Узел ослабел, и через несколько секунд лодыжки Бруно были свободны. Я выпрямился, чувствуя, что мои ноги влажны от крови. Мои носки хлюпали, когда я подошел к Кэссиди и, сняв пластырь с его рта, начал развязывать его запястья.
— У меня нож в кармане брюк, — сказал он. Я нашел у него в кармане нож, шагнул ему за спину и одним движением перерезал веревку, стягивающую запястья. Они связали ему запястья и лодыжки одной веревкой, так что больше возиться не пришлось.
— Мне не хочется быть невежливым, — заметил я, — но когда такое случится в следующий раз, пожалуйста, сразу предупреждайте насчет ножа.
Кэссиди серьезно посмотрел на меня.
— Не считайте меня неблагодарным, — сказал он. — Я вам чертовски признателен за себя и за дока. Но кто вы и откуда взялись?
— Я Шелл Скотт, а с остальным придется подождать. Меня не покидает ощущение, что нам лучше как можно скорее убраться отсюда.

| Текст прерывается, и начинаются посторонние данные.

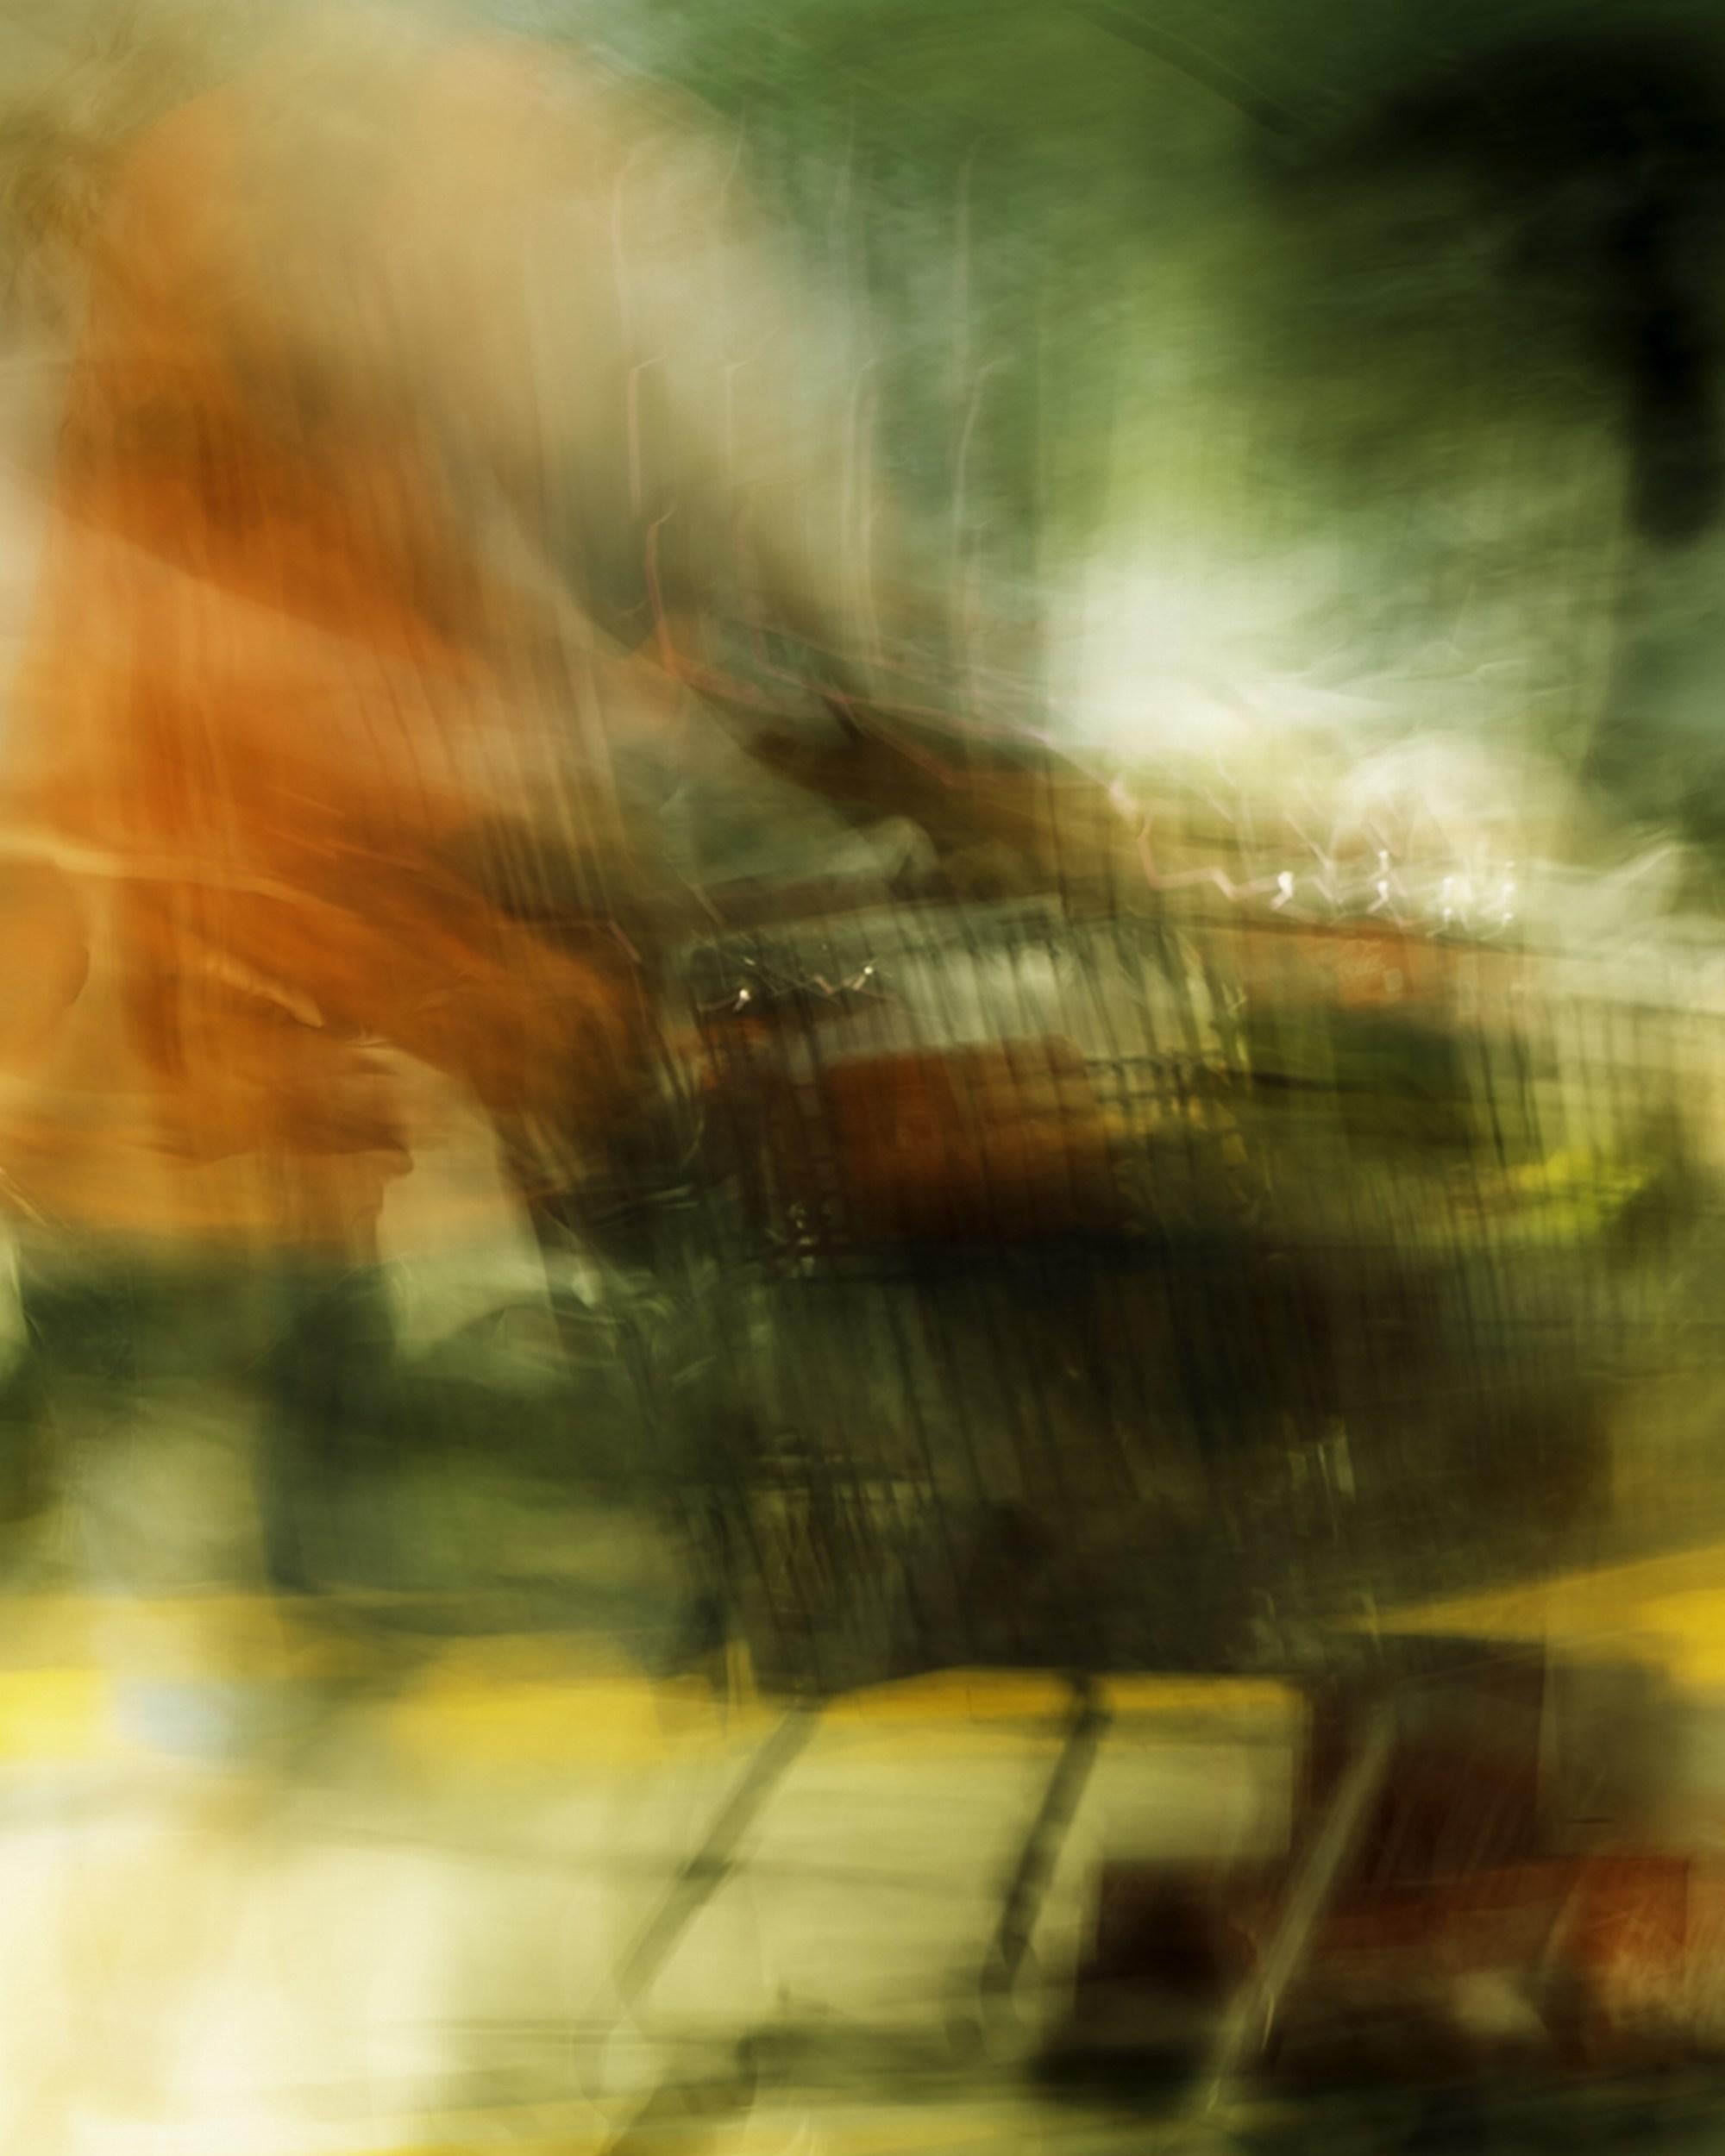 Jeffrey Tamblyn Abstract Photograph – Hell on Wheels ( farbenfrohe, abstrakte, alltägliche Szene, leuchtende Farben, Unruhen)

— Меня тоже, — кивнул Кэссиди.
Я нашел свои ботинки, снял мокрые носки и счистил носовым платком следы крови с ног. Кэссиди встал, потянулся и, покуда я надевал ботинки на босу ногу, подошел к коренастому парню, присел на корточки и приложил палец к его шее.
— Он мертв, — спокойно заявил Кэссиди через несколько секунд.
— Если бы он был еще жив, — откликнулся я, — мне пришлось бы сменить мой кольт на обрез 12-го калибра. Я всадил в него три свинцовые пилюли. Обычно хватает одной.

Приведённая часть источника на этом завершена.